To this day, a cinchona enterprise has never been established in any of the countries of origin! When cultivation took off in Java and harvesting could begin, vertical bark strips were initially cut from the tree and the wounds were covered with moss to promote healing. The trees were also cut at "stump" and the shoots were exploited as new saplings. Another system involved gradually replanting the gardens from which the diseased or suppressed specimens were removed.

All of these systems, however, have been abandoned. The "stump" system was abandoned because it was later realized that the roots continued to grow and thus competed with each other underground, making it impossible to expect normal growth of the shoots. And the "interplanting" system was abandoned because the shade of the remaining trees, especially the "drip" - to which the cinchona proved to be very sensitive - greatly hindered the proper development of the interplanted saplings.

Ultimately, for a specific garden complex, the system of ROTATION was found. Through experimentation, it was determined:

A) the bark value of a specific area, B) the annual increase in bark.

The interest on the capital represented in the "garden" was then harvested, and it was regularly checked whether the "capital" remained intact. As soon as a certain decline in bark growth could be observed, it was time to clear the entire garden.
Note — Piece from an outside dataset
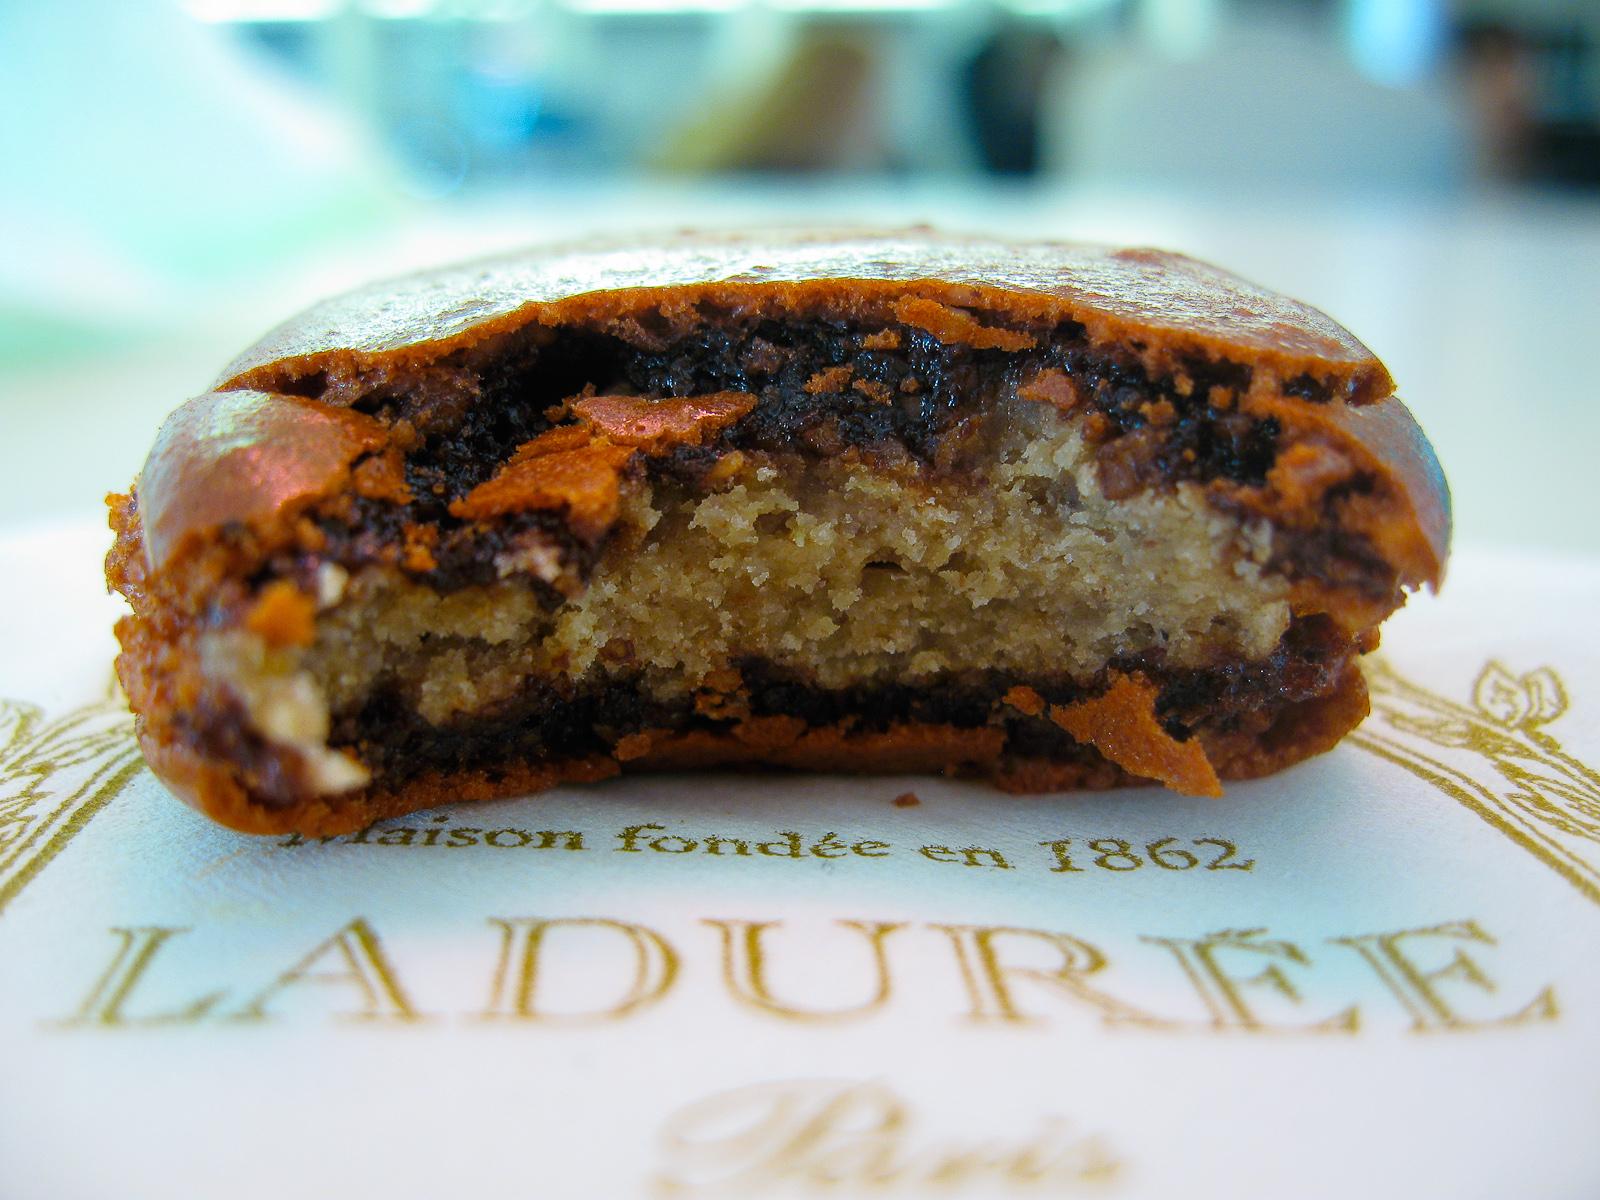 Laduree pain d'épice (gingerbread) macaron
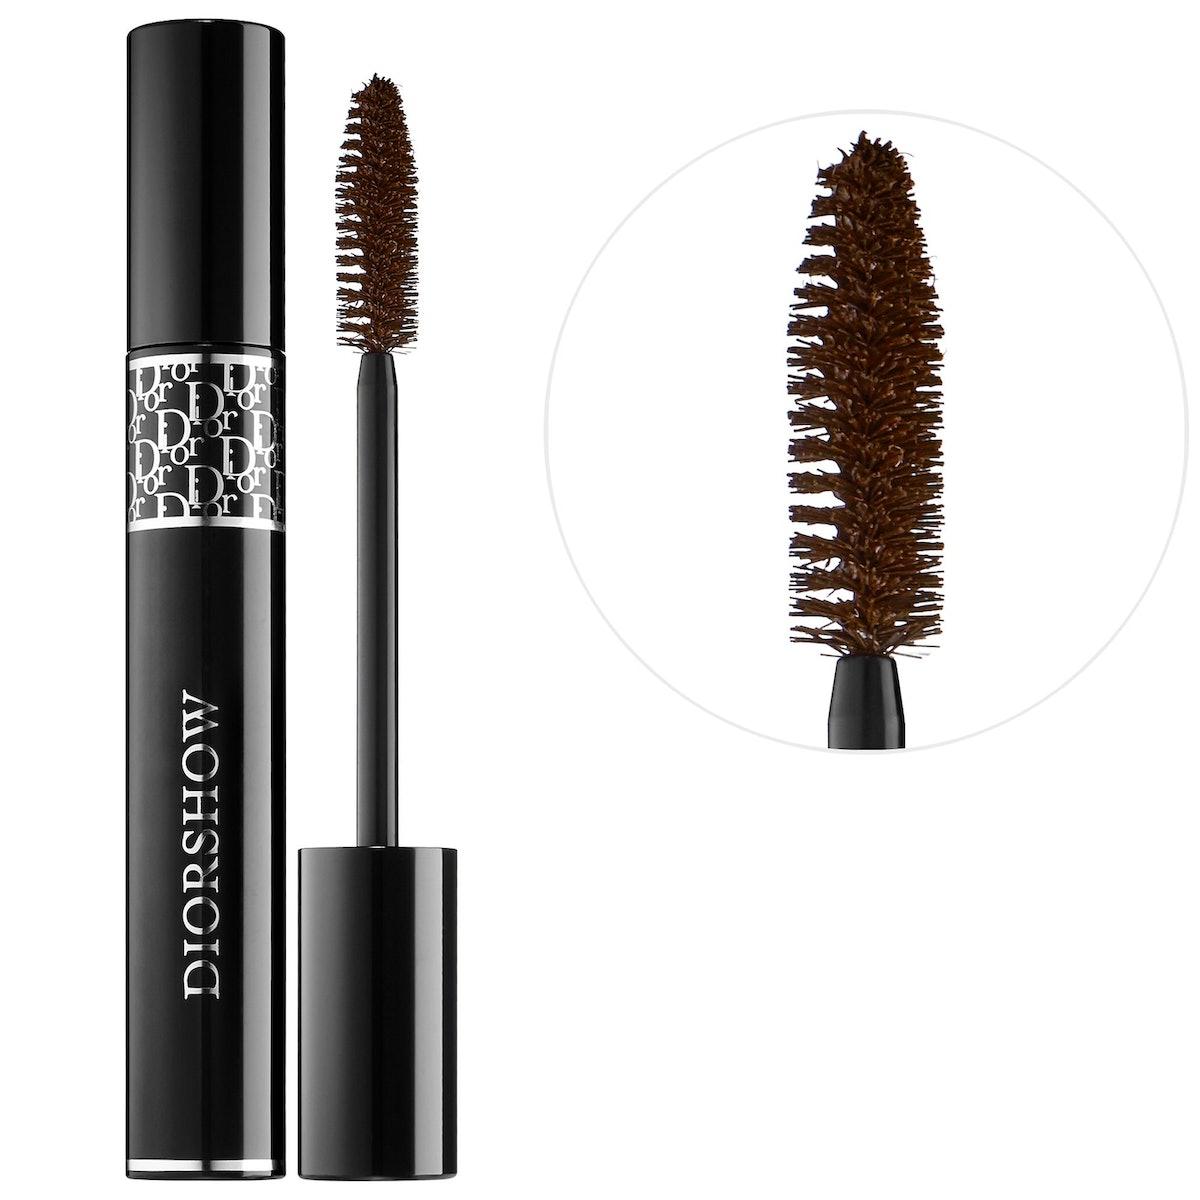 Diorshow Mascara in Brown 698

For different types of grafts and seedlings, these times were determined through years of experimentation, and the entire planting and clearing policy of the enterprise was thereby established.

For Java, times between 22 and 27 years were found. Based on this, the enterprise could divide the plantation into approximately 30 to 35 equal sections, clear them entirely at regular intervals, and replant after brief reforestation and soil treatment.

The word "reforestation" requires some explanation. Normally it means: reforestation, so after clearing a forest, replanting the same area with forest trees. The word "reforestation" is used in cinchona cultivation to mean the replanting of cleared areas with forest trees, but these forest trees will only be used for a very short time and will never grow into forest giants. In cinchona cultivation, the word actually means: Green manuring through temporary forest tree planting, pruning of them, and burial of the green waste.

For years, the quinine planters had been searching for a cover crop that was capable of penetrating the soil to a depth of one and a half to 2 meters, thereby promoting soil fertility. After extensive searching in various parts of the world, seeds of approximately 35 species of Acacias were received from Australia. After careful selection, some of these proved to be excellent for the purpose: rapidly providing the newly available lands from the clearing of quinine plantations with a new nitrogen injection and maintaining the soil structure suitable for new forest culture, as quinine culture is essentially forest culture.

These Acacia species were cultivated even before clearing, and were planted as two to three feet high "stumo" at a distance of about one and a half to 2 feet on the regenerating terrain. After establishment, they were pruned and the pruned material was carefully spread on the terrain. The tree species imported from Australia performed so well that often, with each pruning, layers of pruned material 30-40 cm thick could remain on the fertilized soil. It was estimated that there would be about 3 prunings per year, and after two and a half to 3 years, the trees could be cleared and the greatly improved soil, which remained loose up to about 2 meters, could be reused. As a rule, the young acacia saplings that were cleared were still used as ground cover in the young gardens, so that nothing but advantages were associated with this manipulation.